Я предпочитаю в таких случаях спросить прямо что происходит. Ведь можно придумать себе невесть что и мучиться, а проблемы на самом деле может и не быть. Могла произойти какая-то мелочь и тебя просто огорчать не хотели, а ты для себя уже успеешь из мухи слона раздуть. Ну а если что-то действительно происходит, то в любом случае лучше знать правду и тогда уже решать для себя что делать.

----------


## ПаранойА

Полностью согласна с *Irina*,  лучше сразу спросить что не так. Почему себя так ведешь и т.д.
Ведь всегда когда придумываем себе, всегда именно плохое.

----------


## Irina

> Ведь всегда когда придумываем себе, всегда именно плохое.

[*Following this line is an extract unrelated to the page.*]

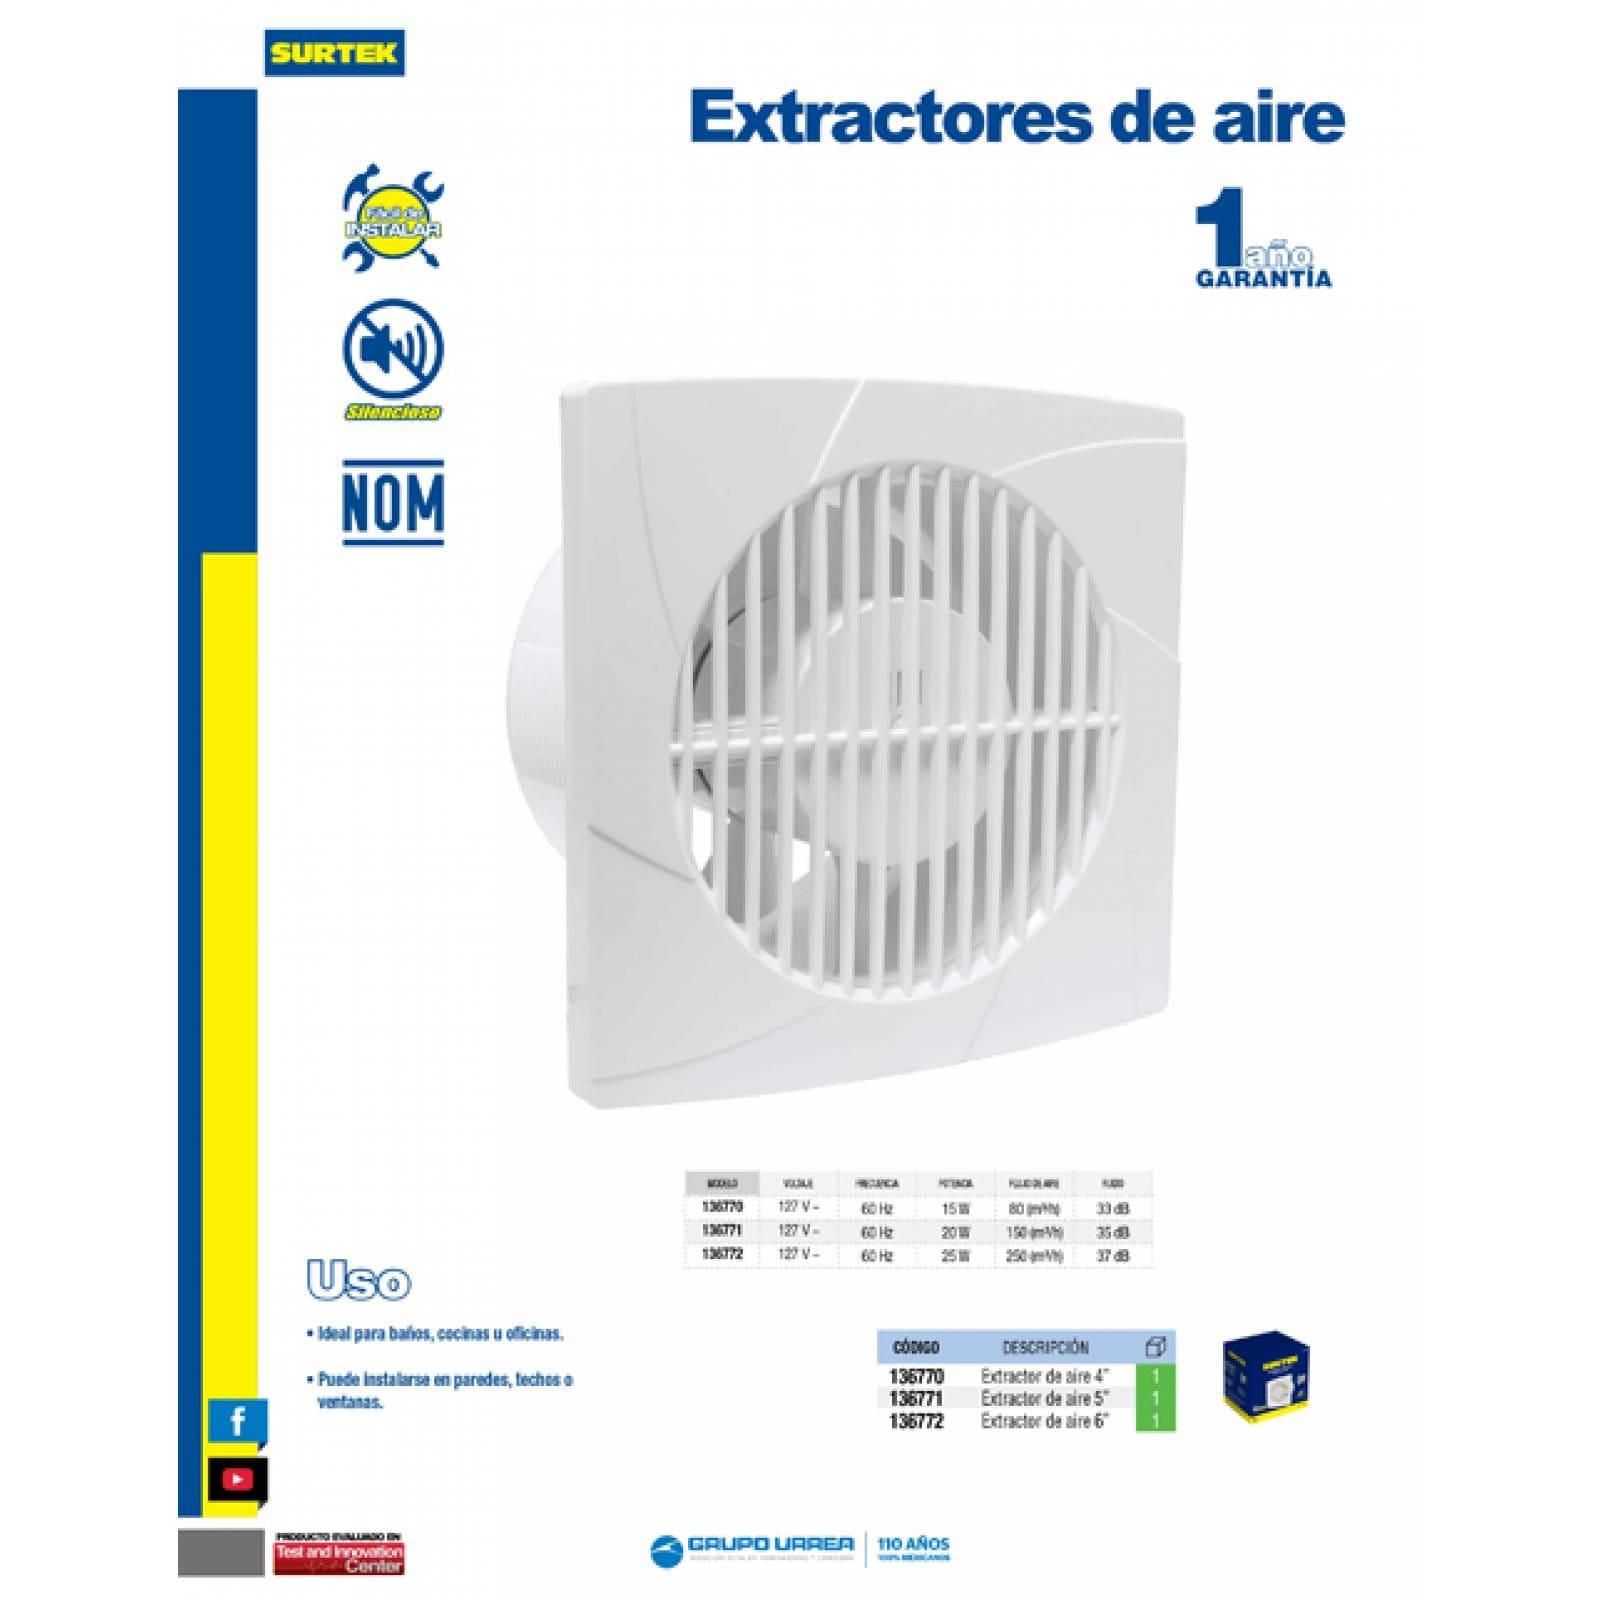 Extractores De Aire 4 Pulgadas 136770 Surtek
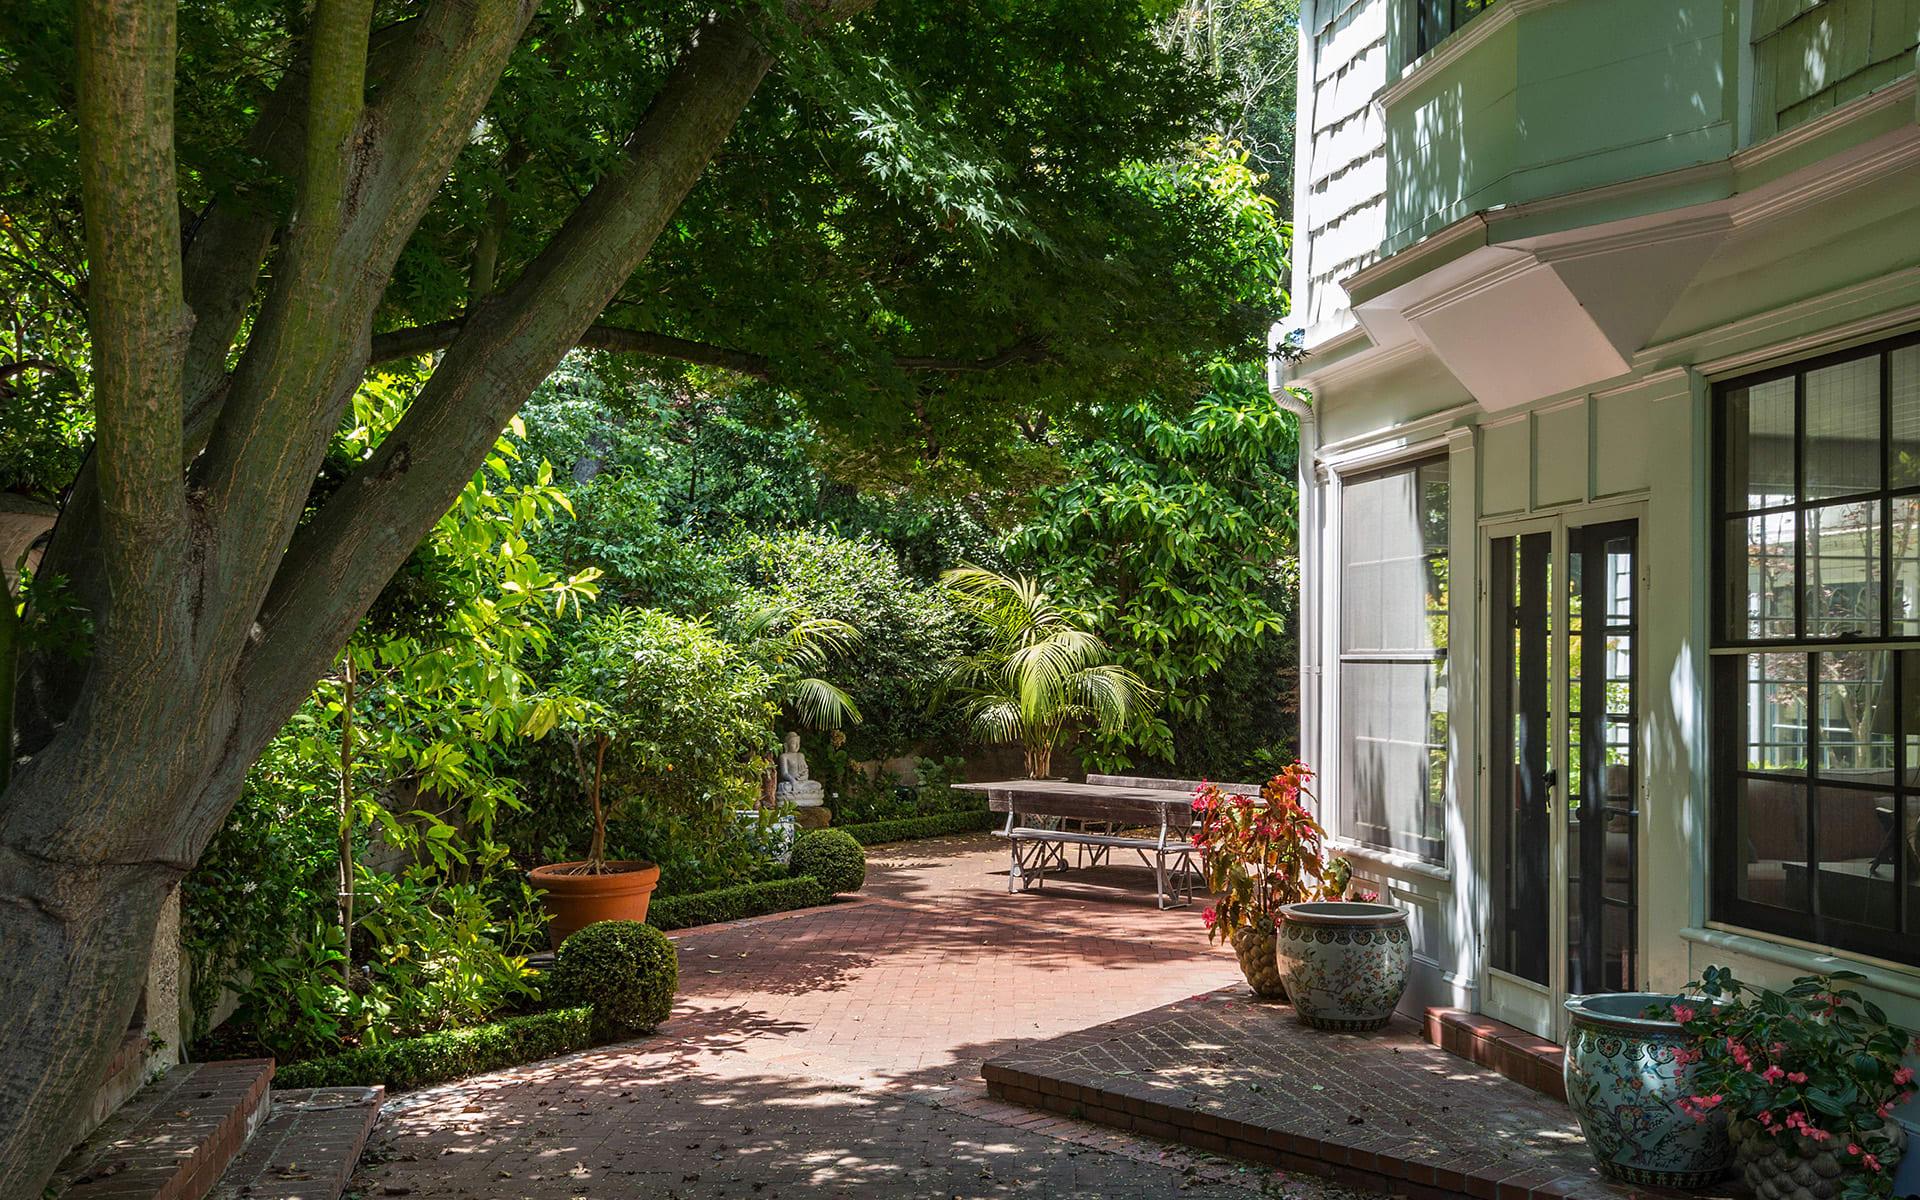 Additional photo for property listing at 9212 Hazen Dr 9212 Hazen Dr 贝弗利山庄, 加利福尼亚州,90210 美国

Мне всегда было интересно, а почему именно плохое? Что нам мешает придумывать хорошее? Недоверие или что-то другое?

----------


## Ved'mochka

*Люблю правду, даже если некрасивая, но чтобы "в лоб". 
А всякое "лебезение и притворство", враньё....Можно самому запутаться в своей паутине))))
Соглашусь, что многое в глаза не скажешь, бывают обстоятельства разные или просто потому, что несможешь. Но всё же...смелость есть идти на враньё, должна быть и на правду))))))*

----------


## Irina

Правда в отношении между близкими, настоящими друзьями очень необходима. Когда я что-то спрашиваю и мне отвечают - ну, как тебе сказать, я всегда произношу одну и ту же фразу - скажи как есть. Нет ничего хуже недомолвок или лжи. Лучше знать правду. По крайней мере лично для меня.

----------


## Akasey

а какие серьёзные отношения могут быть при *лицемерии и вранье*?

----------


## Irina

> а какие серьёзные отношения могут быть при лицемерии и вранье?


 Никаких быть не может.

----------